Future of Scholarly Communications Roundtable

New videos have been released by JISC documenting a roundtable debate on the future of scholalry communications. These videos provide a good summary of the issues and provide some very interesting insight and discussion.

The 8 videos are available on the JISCmedia youtube channel.

1. Changing Scholarly Communications Landscape and Future Models.
2. Dynamics Of Transition to Open Access.


3. Problems and challenges of Gold Open Access.
4. The Hybrid Journal path to Gold Open Access?


5. The mixed economy approach: Here today, gone tomorrow? Or is it here to stay?
6. The advantages of electronic-only journals & data in an Open Access world.
7. Identifying roles and ownership in respect to Digital Preservation.
8. Electronic technologies in the Arts & Humanities and other disciplines.

Gold mining


Gold pan saloon

I’ve just had a look (be it brief) at the recent report “Heading for the open road: Costs and benefits of transitions in scholarly communications“, commissioned by the Research Information Network (RIN), JISC, Research Libraries UK (RLUK), the Publishing Research Consortium (PRC) and the Wellcome Trust, with contributions from many other (including publishers).

Although I was very much looking forward to this report, I was a bit disappointed that “Gold” ended up being the model that came out on top. I haven’t read the full report, so I can’t actually attempt to poke holes in the analysis, and I will have to take a look at the numbers they present in more detail when I have time. I was a bit concerned about comments that were made about not undermining the publication system – isn’t this to some extent part of the whole point of open access? I thought we were unhappy with the current publication system? Maybe not?

It is fantastic that OA is gaining momentum, and publishers are realising the role they can play (and money they can make), but following the “gold” route will likely leave the scholarly communication system in the hands of for-profit publishers. Isn’t that why the system is currebtly not working for us, and libraries are struggling to pay the bills? Do we really want publishers to have all the power?

I still would like to see some additional modelling on possible outcomes, say :

  • If some percentage (20%, 50%?) of libraries cancelled all subscriptions next week – what  would happen to publishers, how would they change?
  • If 50% of article were put into repositories next week – how would the scholarly communication system change?
  • What would collapse of the system actually mean?

Perhaps these ideas (and the modelling) are unrealistic, but it would at least be interesting to actually model some potential outcomes. I am fairly confident we would find a way to continue distributing and sharing research outputs, even if publishers disappeared (and I am sure they wouldn’t, they would just have to figure out a new business model).

Image credit: Close to Spectacular

Innovation Takeaway – Lessons from the Information Environment

On Thursday of last week I was at the JISC Information Environment 2009-11 Programme Meeting at Conference Aston in Birmingham. Links to relevant resources for the day can be found here with extensive notes from the day (I think mostly written by Andy McGregor) here.
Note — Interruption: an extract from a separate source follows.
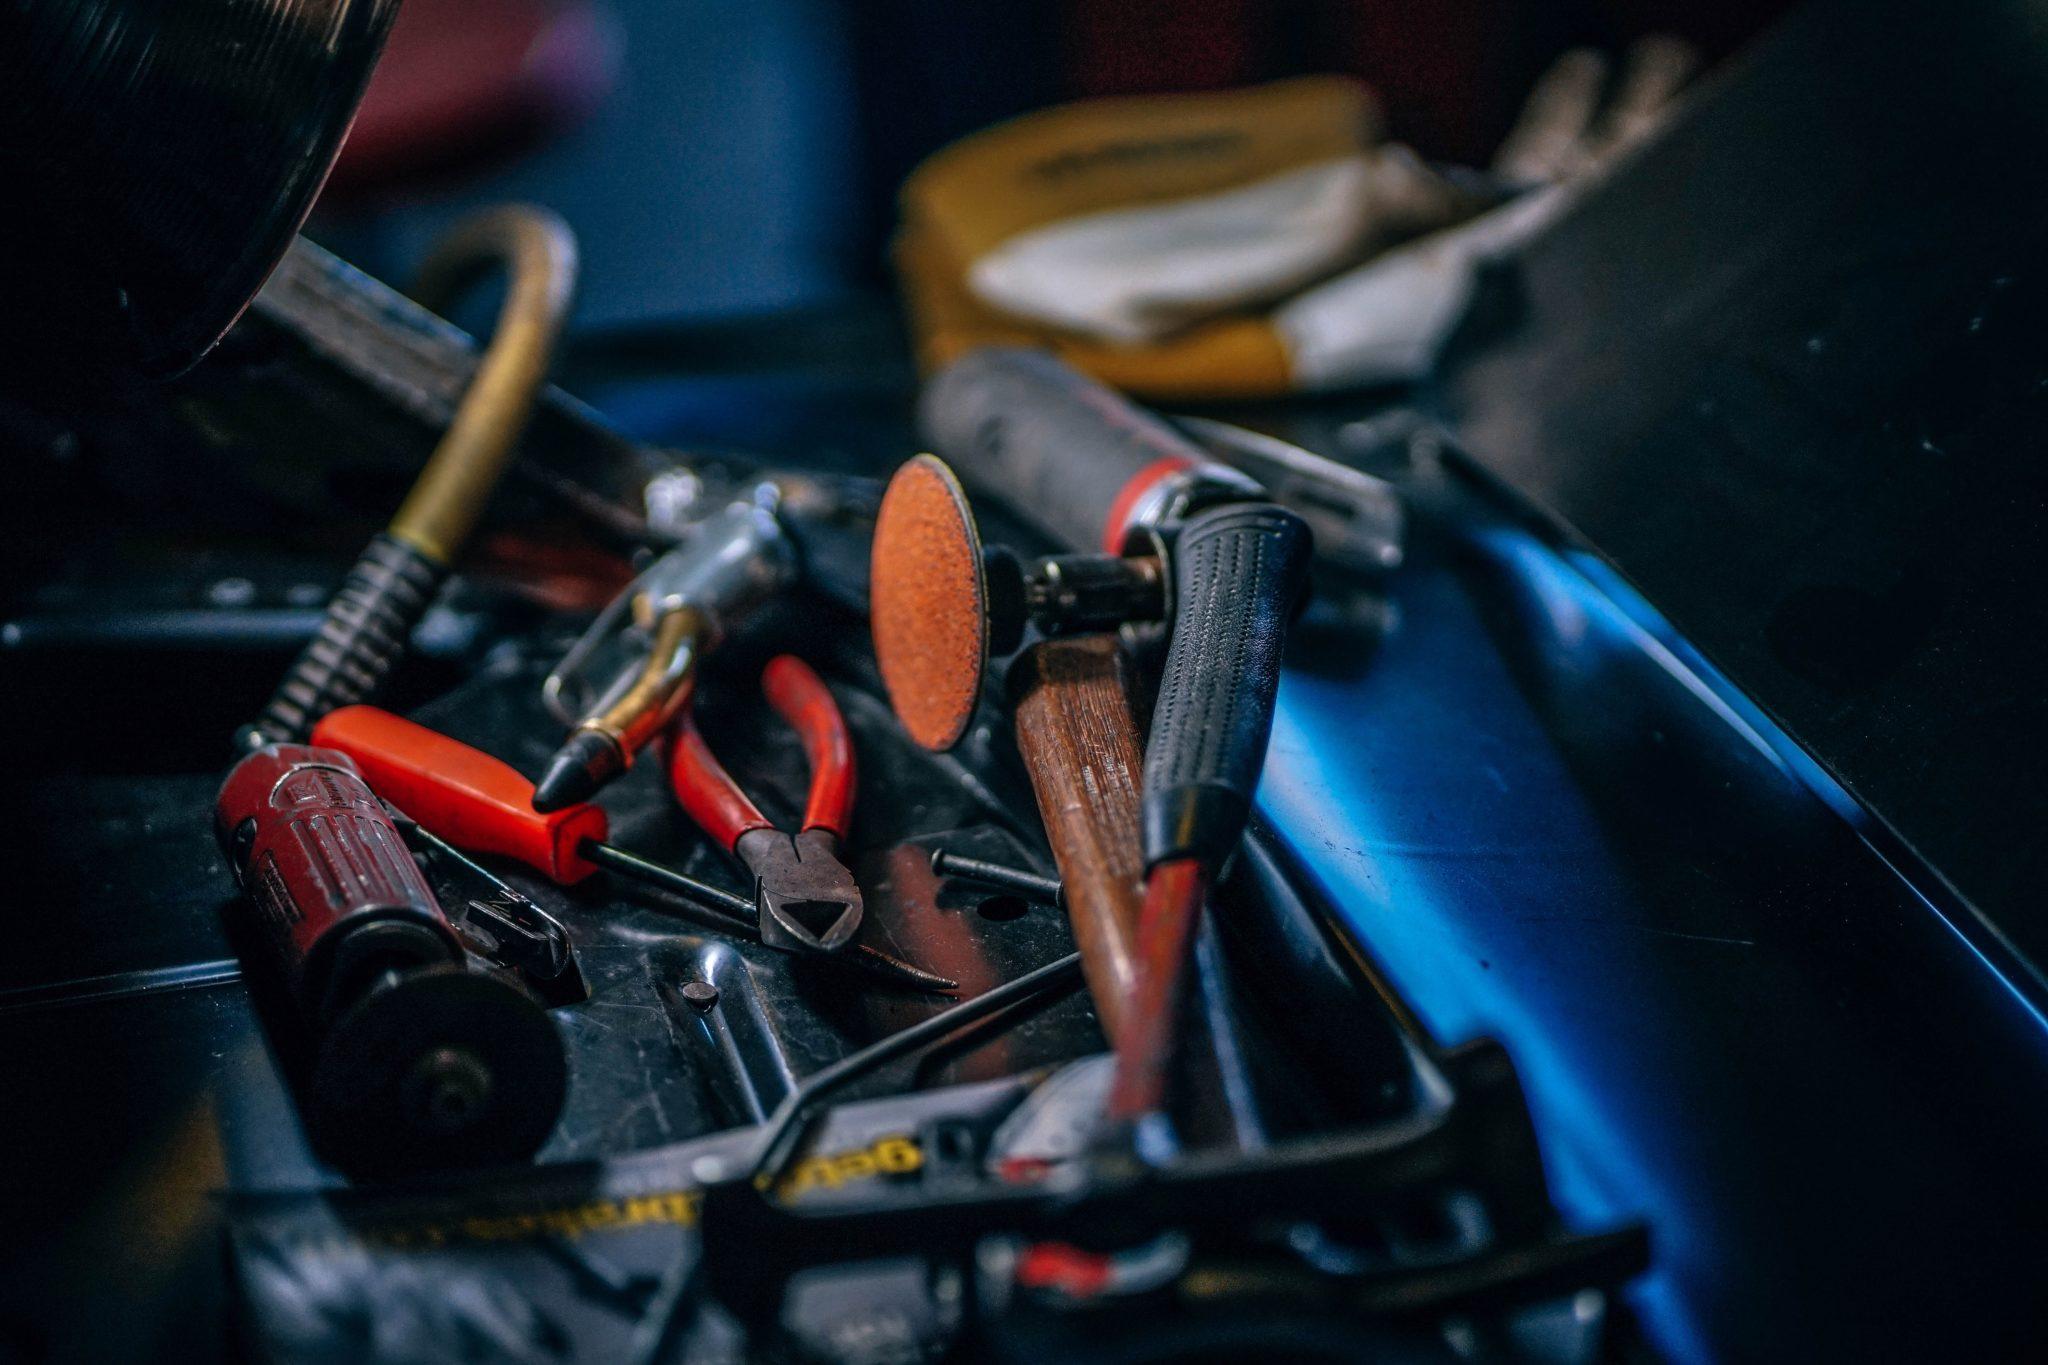 basic motorcycle maintenance tool kit

A review of the programme in the form of a list of questions was also created: “27 questions the work of the IE programme can answer.”

It was an interesting day filled with review of some of the INF11 projects, but it also included a few more general talks about things within this area of work. Interesting bits from my perspective:

David Millard’s talk on Managing Learning Resources was quite interesting – He spoke of managing teaching and learning resources, and I of course I couldn’t help but draw parallels with publication repositories. He described how at Southampton they looked to YouTube and Flickr for inspiration, and tried to see the learning resources repository more as hosting than archiving. This tactic (should) lead to greater use – though I don’t remember him reporting on actual usage statistics. I do think part of the reason take-up of institutional publication repositories has been so low is that academics do not see them as adding a lot of value – if they want to they keep a copy of their work they do – and publishing already provides them with an outlet to share. So how can we make depositing in a repository useful on an everyday level?  I do think many repositories that have had success have the ability to populate individual’s institutional homepages – something many academics may find useful. Integration with other systems within the institution also seems to support use. Still there is more that can be done in this area – we need to think from the academic’s perspective as opposed to the repository’s or the library’s.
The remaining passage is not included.